While relational languages and systems have served us incredibly well for nearly half a century, they have always been a bit of a "misfit" when it comes to application data and requirements, particularly for user-facing applications. Time and again this issue has been identified and "solved" - or not. Three notable attempts to address this "impedance mismatch" between applications and databases were object-oriented this "impedance mismatch" between applications and databases were object-oriented databases, object-relational databases, and XML databases. Each attempt, in the end, "fell flat" (so to speak) as compared to the success of relational databases. Another attempt appears to be happening today, in the so-called "Big Data" era, in the form of "NoSQL" databases. In this talk, the speaker will share his views about what went wrong the first three times, what lasting lessons resulted, and whether or not this fourth attempt might be the charm. He will also highlight some of the systemsrelated research challenges posed by this attempt as well as some thoughts/pleas on how (or how not) to approach them.

Presentation Slides

BIO: (with acknowledgements to Roberto Zicari for this bio)

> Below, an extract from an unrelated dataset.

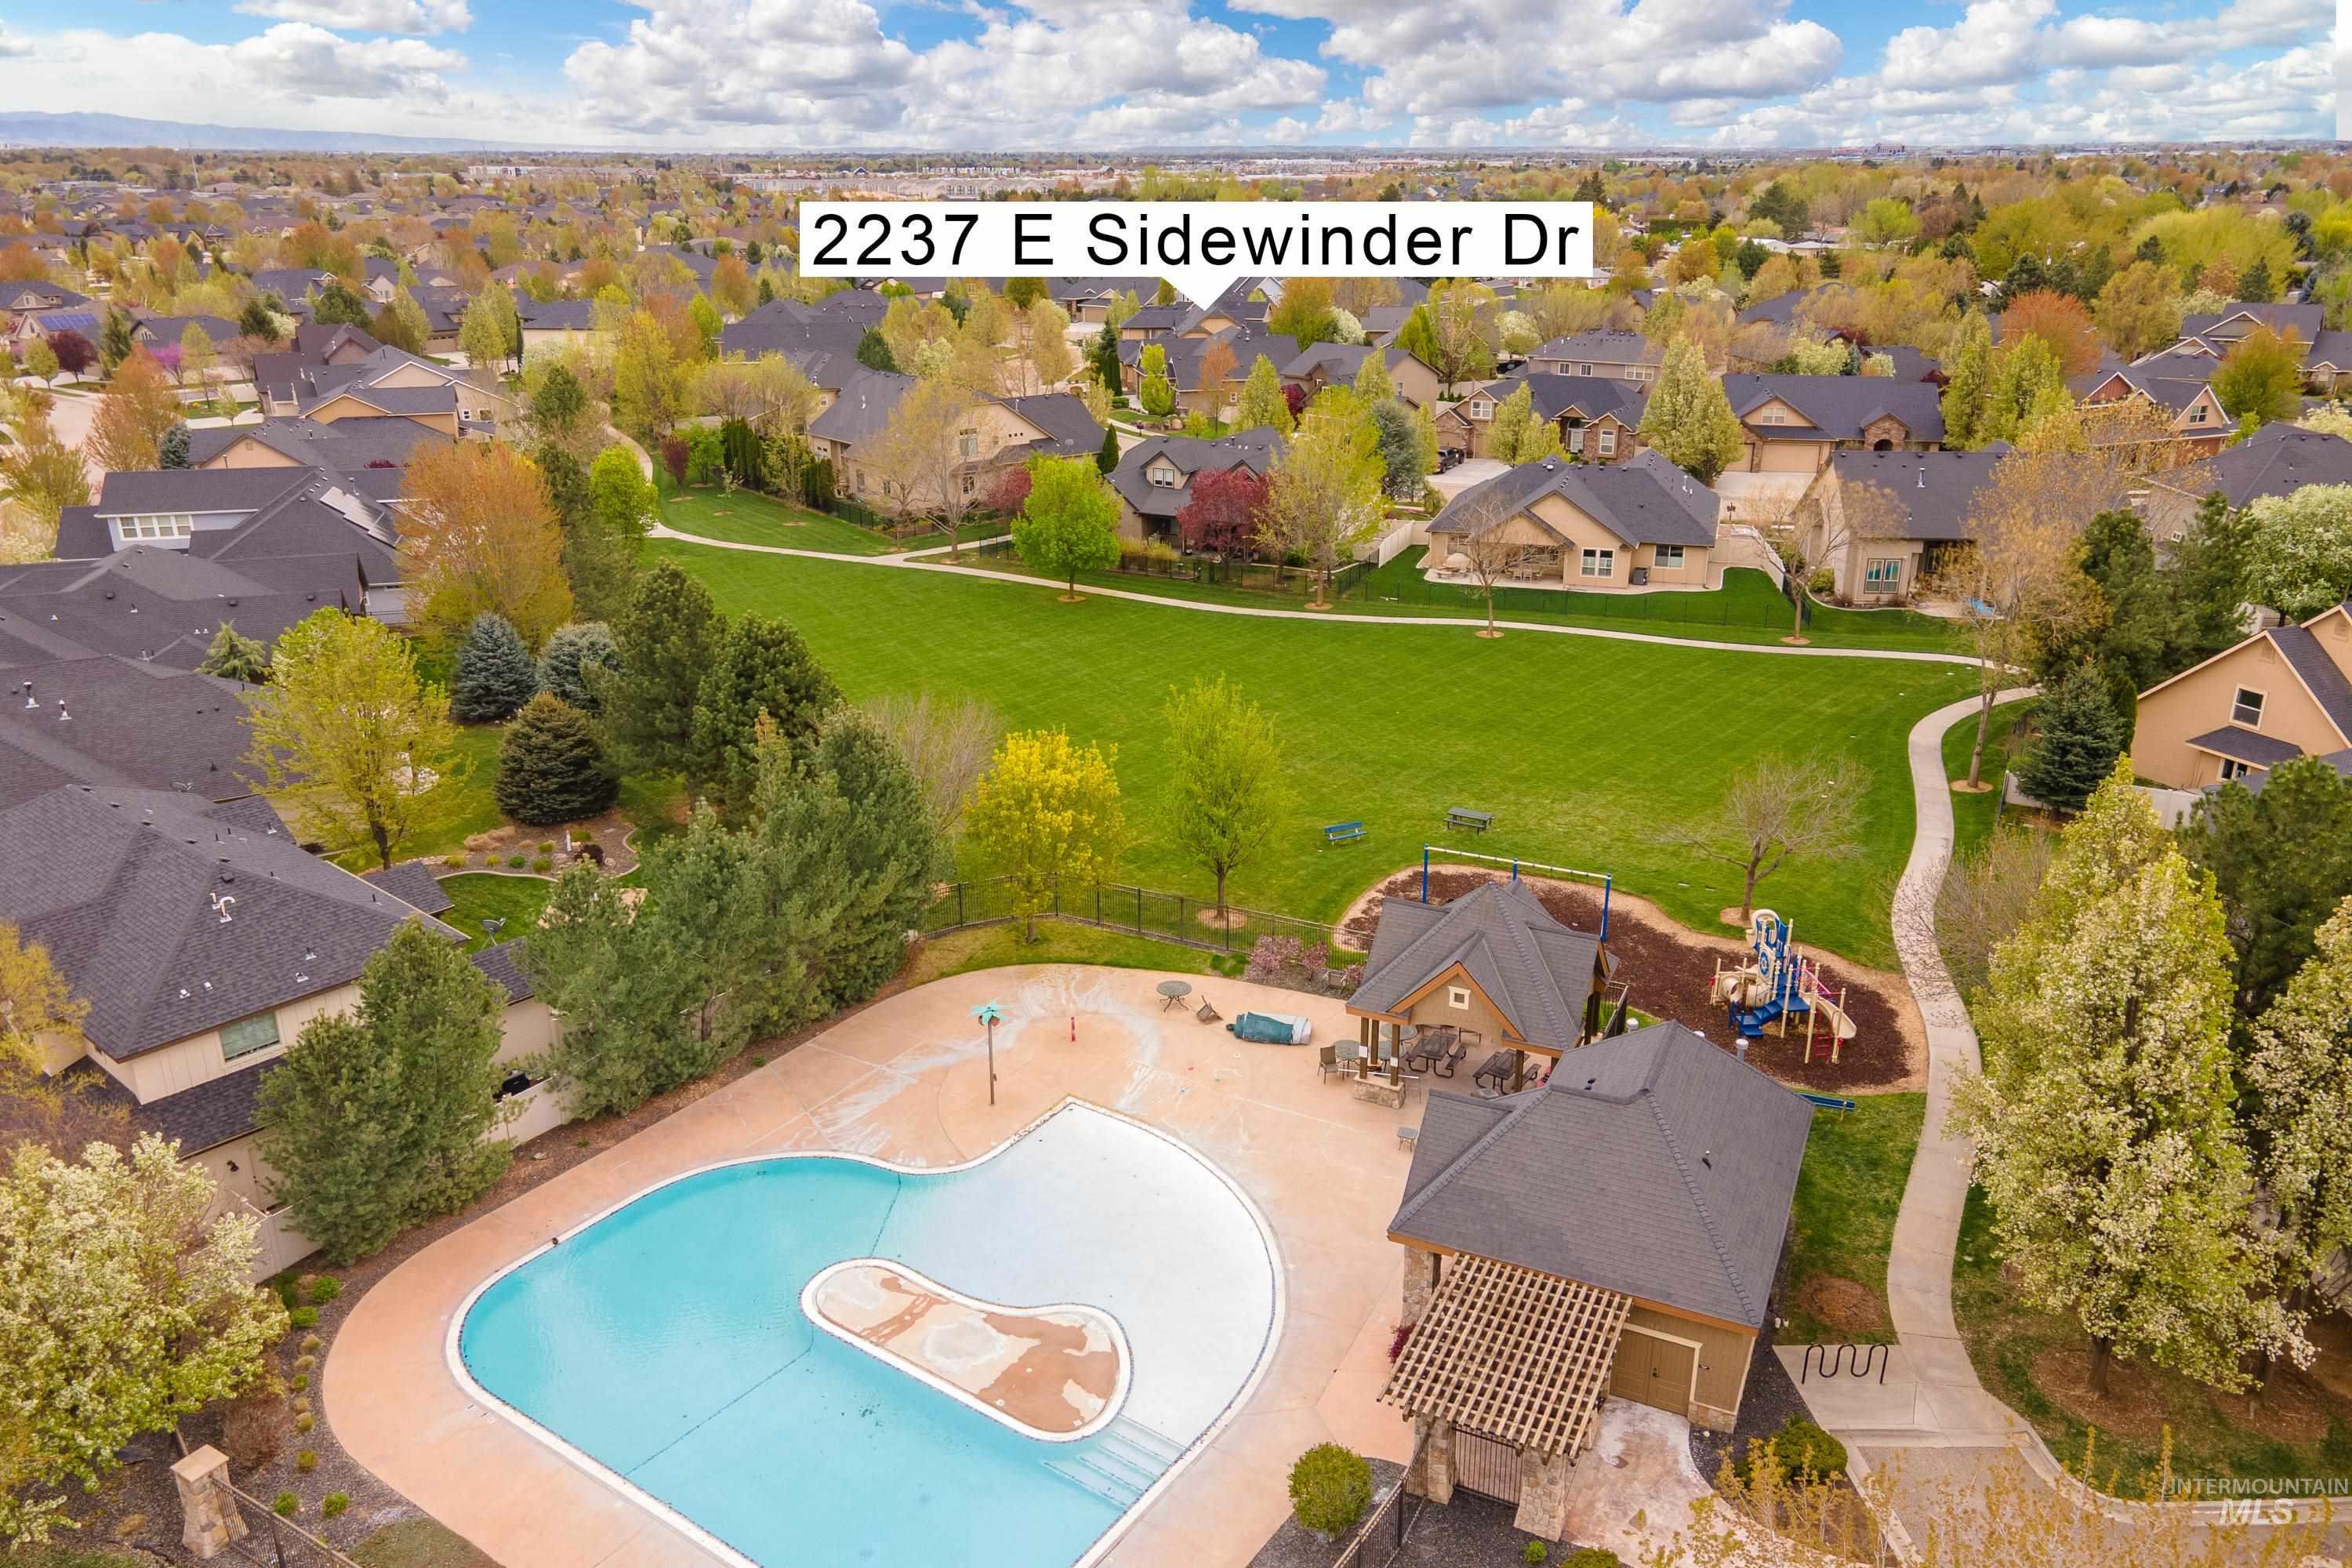 2237 Sidewinder Dr., Meridian, Idaho 83646, 4 Bedrooms, 4 Bathrooms, Residential For Sale, Price $725,000,MLS 98841027

Michael J. Carey is a Bren Professor of Information and Computer Sciences at UC Irvine. Before joining UCI in 2008, Carey worked at BEA Systems for seven years and led the development of BEA's AquaLogic Data Services Platform product for virtual data integration. He also spent a dozen years teaching at the University of Wisconsin-Madison, five years at the IBM Almaden Research Center working on object-relational databases, and a year and a half at e-commerce platform startup Propel Software during the infamous 2000-2001 Internet bubble.

Carey is an ACM Fellow, a member of the National Academy of Engineering, and a recipient of the ACM SIGMOD E.F. Codd Innovations Award. His current interests all center around data-intensive computing and scalable data management (a.k.a. Big Data).